Assume the following: I repeat a game over and over in which I roll a die a number of times. If I roll a 6 on any of the trials, I win. Otherwise, I lose. I want to model how the probability of winning this game changes as the number of trials increases.
In this case, I obviously know the answer when I’m using a standard 6-sided die:
using StatsPlots # probability of rolling a six on a single throw p = 1/6 # probability as a function of N (number of rolls) P(N) = 1 - (1 - p)^N plot( P, 0:20; ylims=(0,1), label="true", xlabel="No. Rolls", ylabel="P(success)" )
Let’s assume, though, that I do not know the probability of success for a given trial and I do not know how this probability is related to the number of trials.

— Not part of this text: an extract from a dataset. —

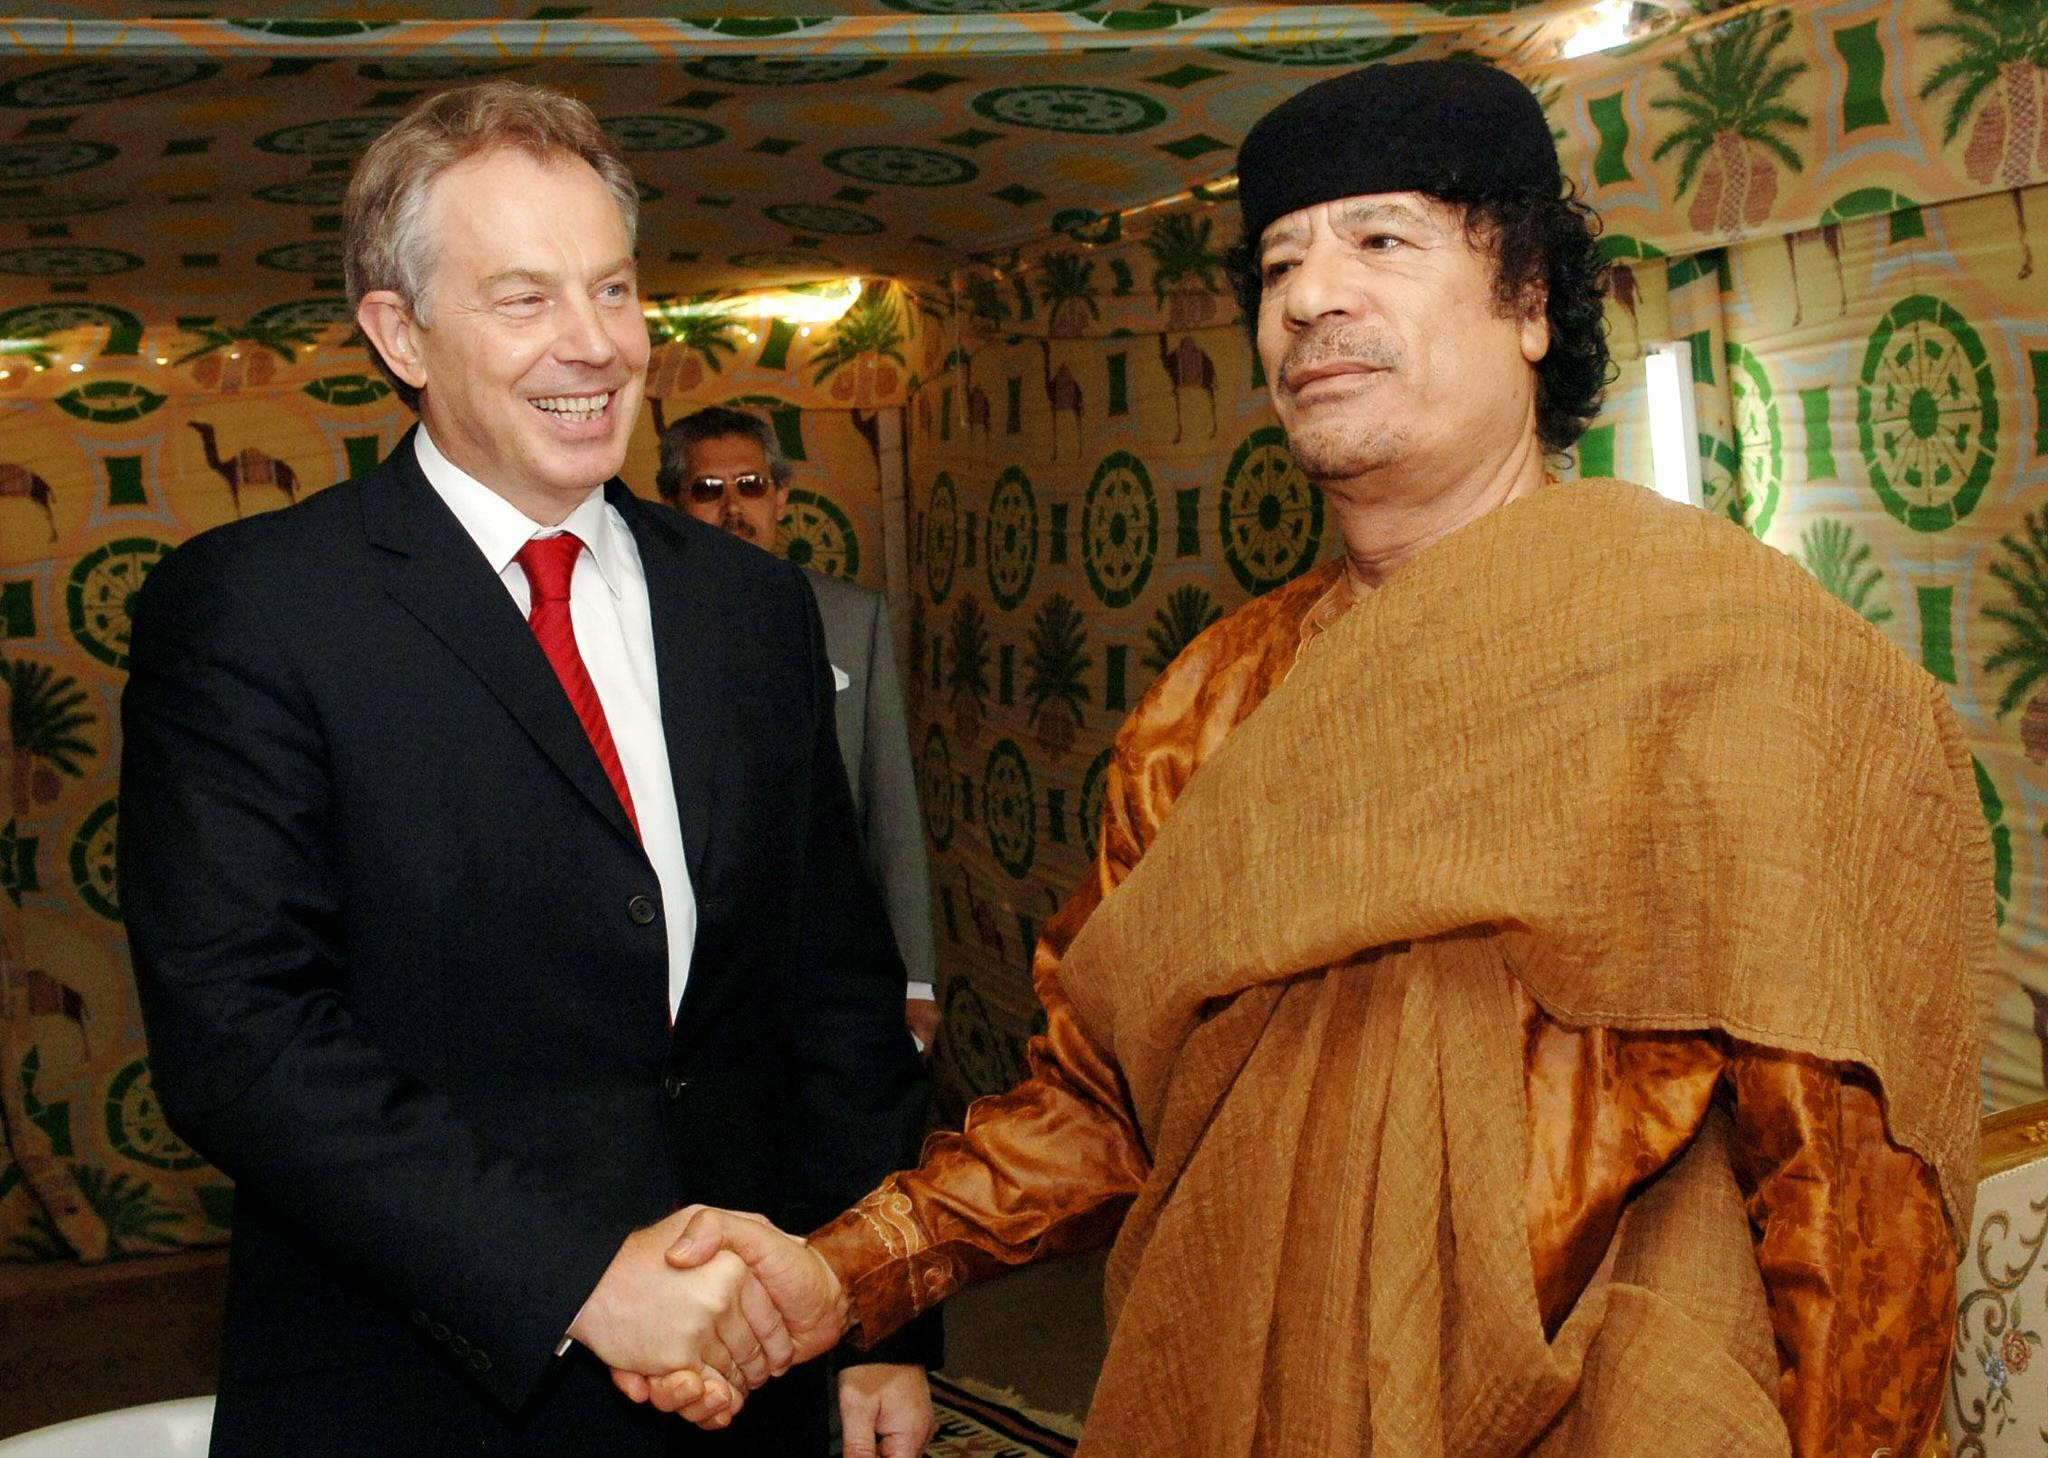 Prime Minister Tony Blair meeting Libyan leader Colonel Muammar Gaddafi at his desert base outside Sirte, south of Tripoli on May 29, 2007. (Stefan Rousseau—AP)

I just have data that show how many trials I ran during each round, and whether or not I won:
using DataFrames using Distributions data = DataFrame(num_rolls = rand(5:14, 300)) data.success = [rand(Binomial(row.num_rolls, p)) > 0 for row in eachrow(data)] 300×2 DataFrame Row │ num_rolls success │ Int64 Bool ─────┼──────────────────── 1 │ 10 true 2 │ 12 false 3 │ 11 true 4 │ 14 true 5 │ 10 true ⋮ │ ⋮ ⋮ 297 │ 7 true 298 │ 5 true 299 │ 7 false 300 │ 5 true 291 rows omitted
An important note here is that I’ve deliberately chosen N to be a random number between 5 and 14, since that results in an average success rate of roughly 80%, most of the time.
Since the variable of interest is binary, logistic regression is a common choice. I implement it as follows:
using StatsFuns using Turing @model function success_model(success, num_rolls) α ~ Normal(-5, 0.1) β ~ Normal(0, 1.5) for i ∈ eachindex(success) p = logistic(α + β * num_rolls[i]) success[i] ~ Bernoulli(p) end end
I’ve used a really strong prior for my intercept term since I know that the probability of success is zero when the number of rolls is zero. Now I fit my model and compare its average predictions across different values of N to the actual values:
m = success_model(data.success, data.num_rolls) chain = sample(m, NUTS(), 1_000) chaindf = DataFrame(chain) ᾱ = mean(chaindf.α) β̄ = mean(chaindf.β) plot( P, 0:20; ylims=(0,1), label="true", xlabel="No. Rolls", ylabel="P(success)" ) plot!( x -> logistic(ᾱ + β̄ * x), 0:20, label="model" )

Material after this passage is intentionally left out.